BLADE had an impressive opening sequence, but one that invalidate the rest of the film — once you’d seen Wesley Snipes effortlessly kill a hundred vampires, there didn’t seem much point sticking around. Then Norrington made the autobiographical tortured genius film THE LAST MINUTE, which I haven’t seen, then THE LEAGUE OF EXTRAORDINARY GENTLEMEN, oh dear. I recently learned that Sean Connery had been set to do a film with Milos Forman until his experience with Norrington made him retire instead. Another reason to dislike this loud mess.

Norrington hasn’t made a film since, which is pretty remarkable. Normally, you do a film of that size, and SOMEBODY will hire you again. There’s a story there, but a lot of disagreement about what it is…

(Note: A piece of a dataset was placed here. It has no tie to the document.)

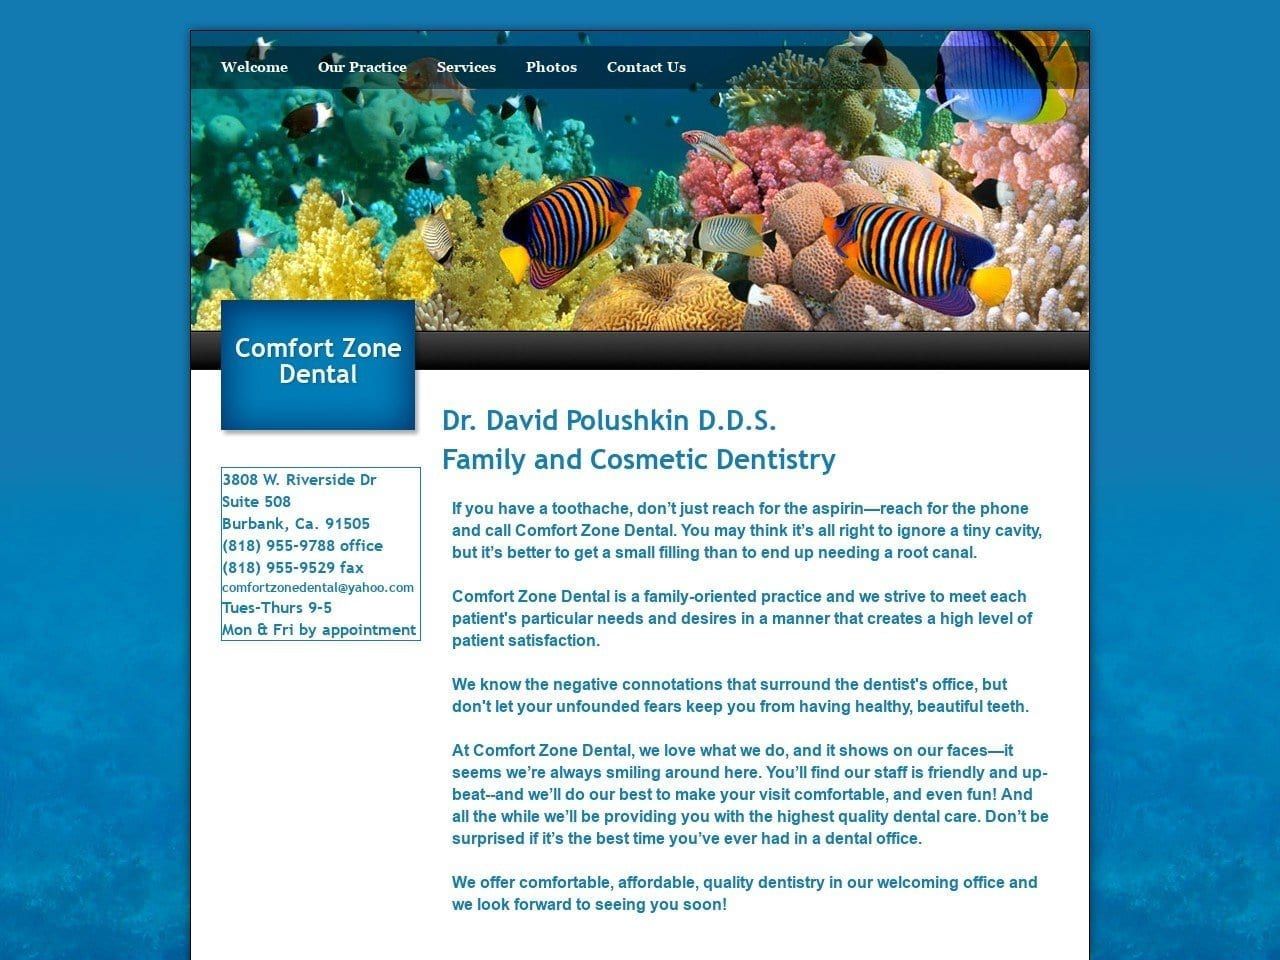 Comfort Zone Dental Website Screenshot from comfortzonedental.com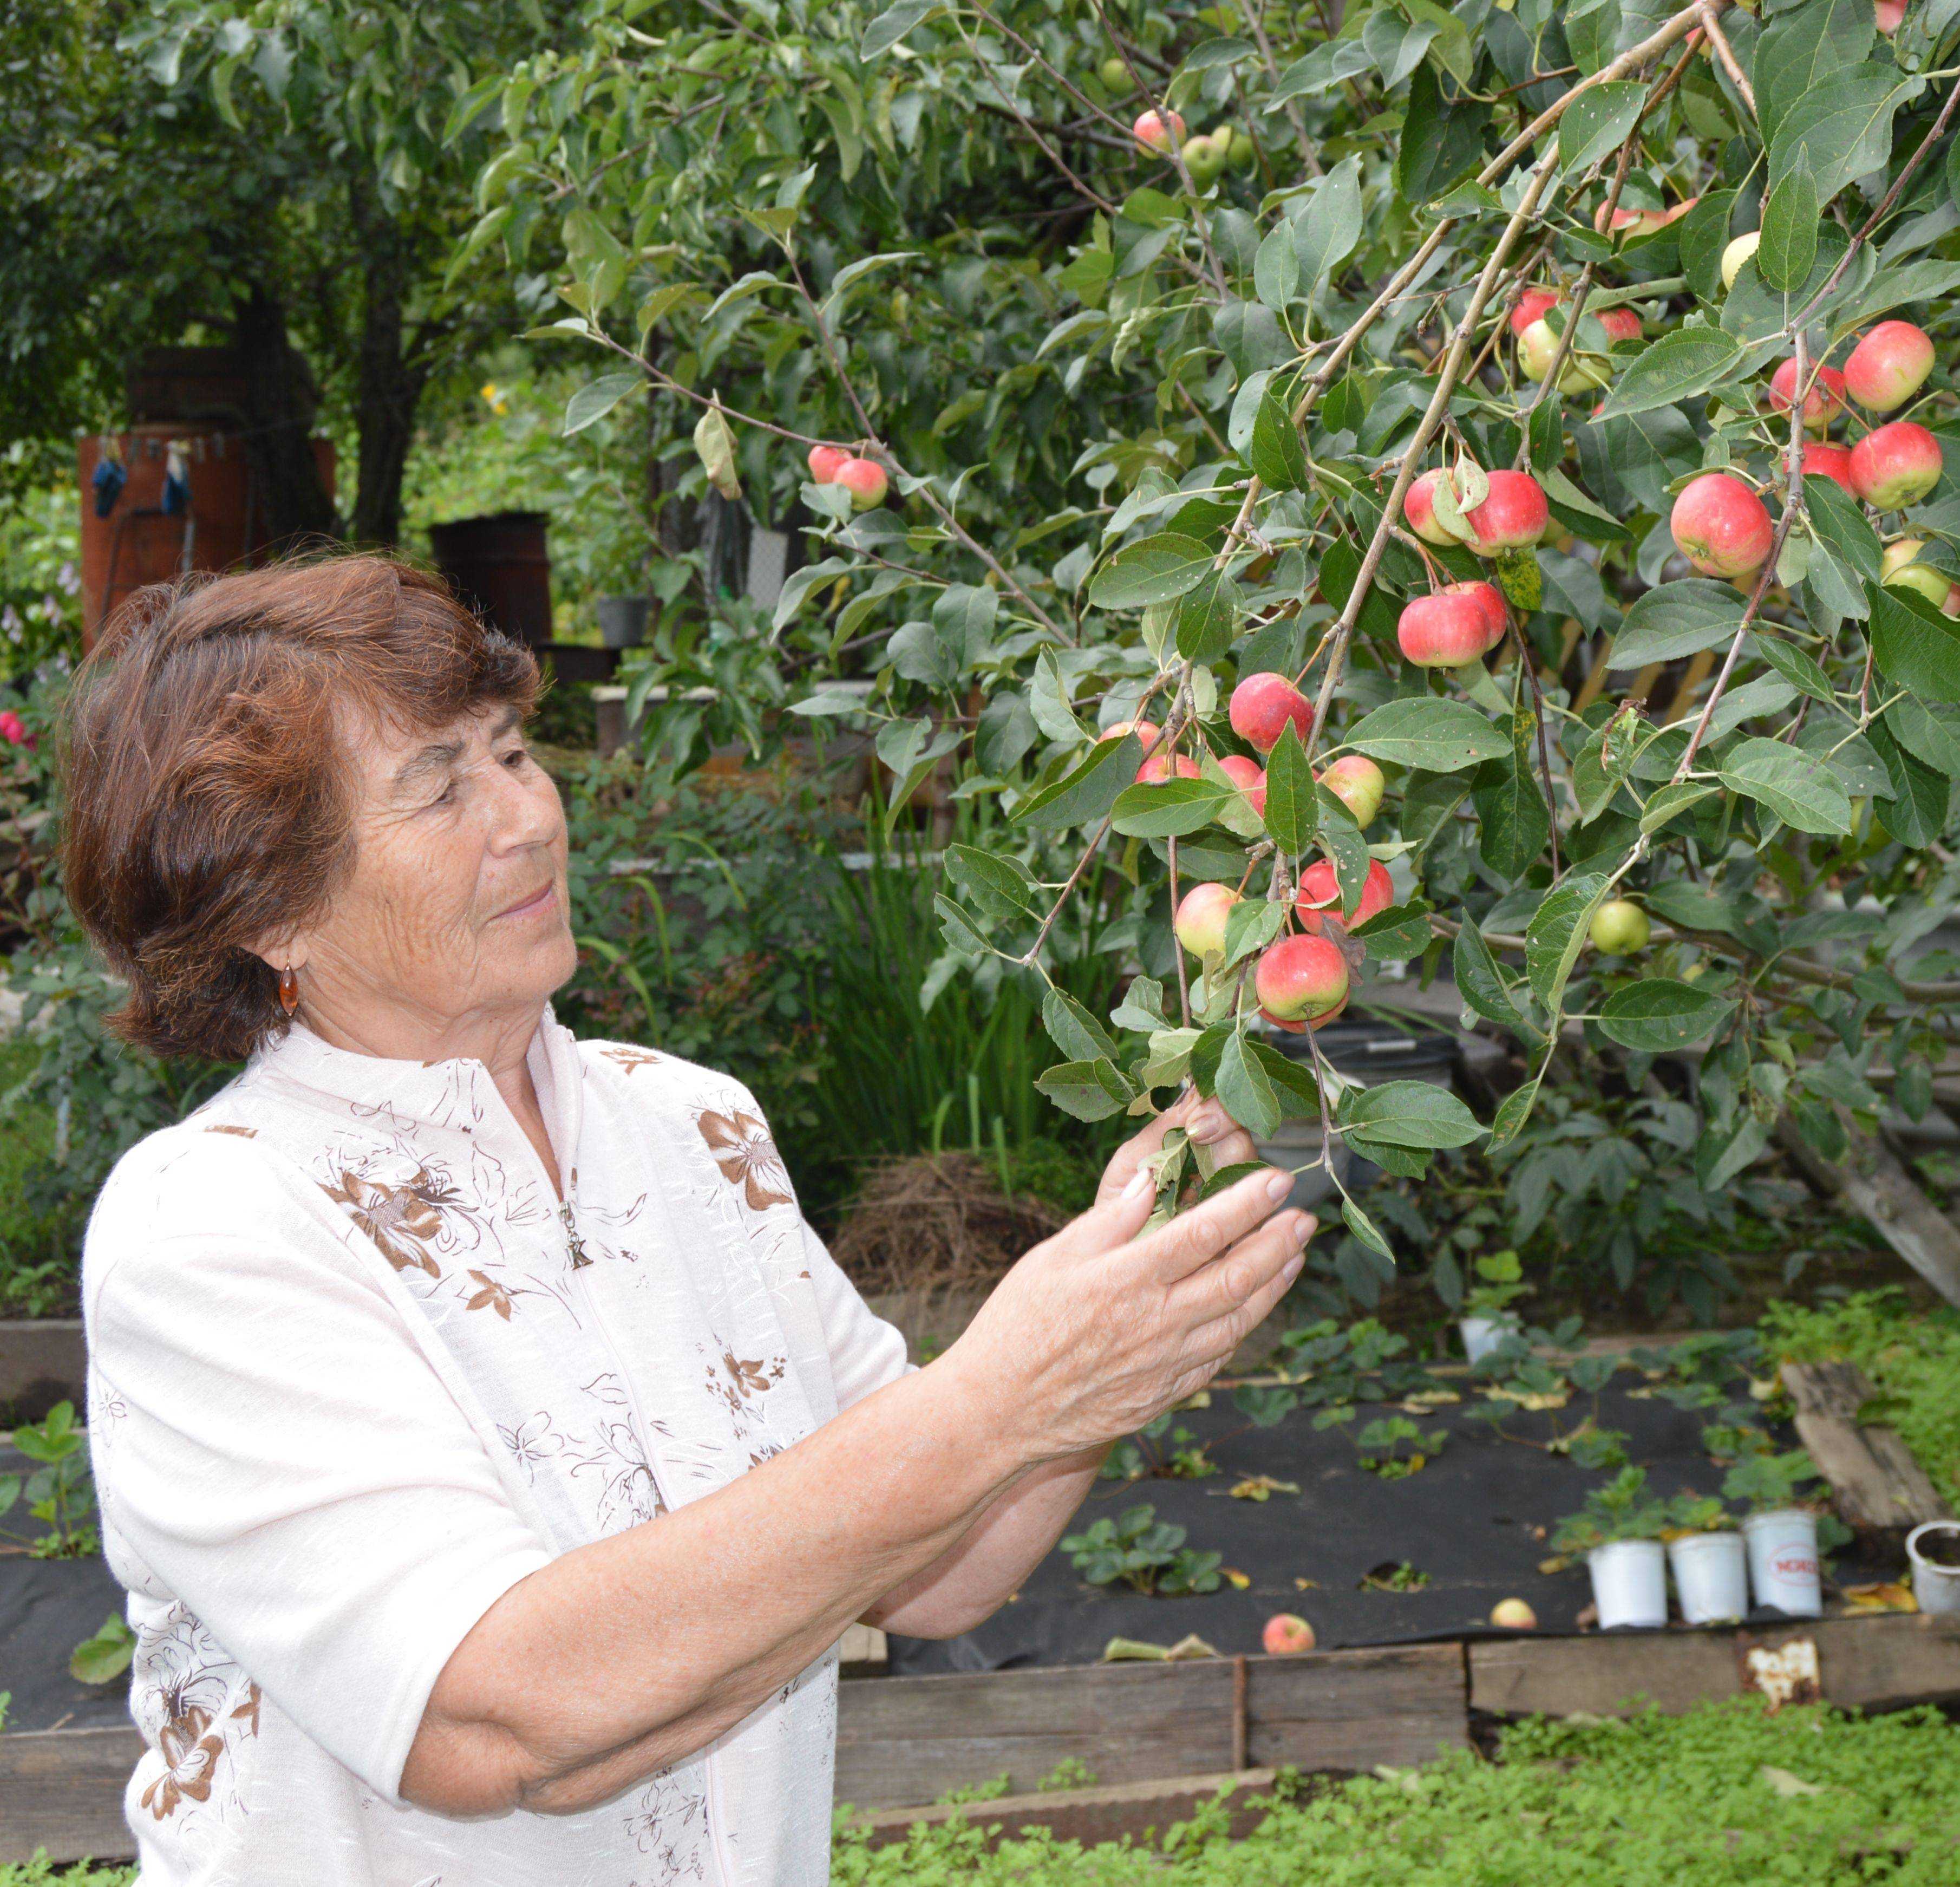 Описание и характеристики летнего сорта яблонь мантет, правила посадки и выращивания

From one party I heard that everybody on LOXG hated Norrington. He famously didn’t attend the premiere. Another friend bumped into Norrington and heard his side of it. He’d been treated abominably. My friend was totally convinced by his account. But it doesn’t take too much finagling to find a theory that would square both versions: possibly Norrington was being mistreated by the producers, and this made him hard to work with, and Connery loathes disorganisation, and Norrington wound up universally unpopular but it wasn’t originally his fault. I don’t know. But I do find it hard to forgive him for using up Sean Connery right before he would have made the Milos Forman film. We are the generation that hates THE LEAGUE OF EXTRAORDINARY GENTLEMEN.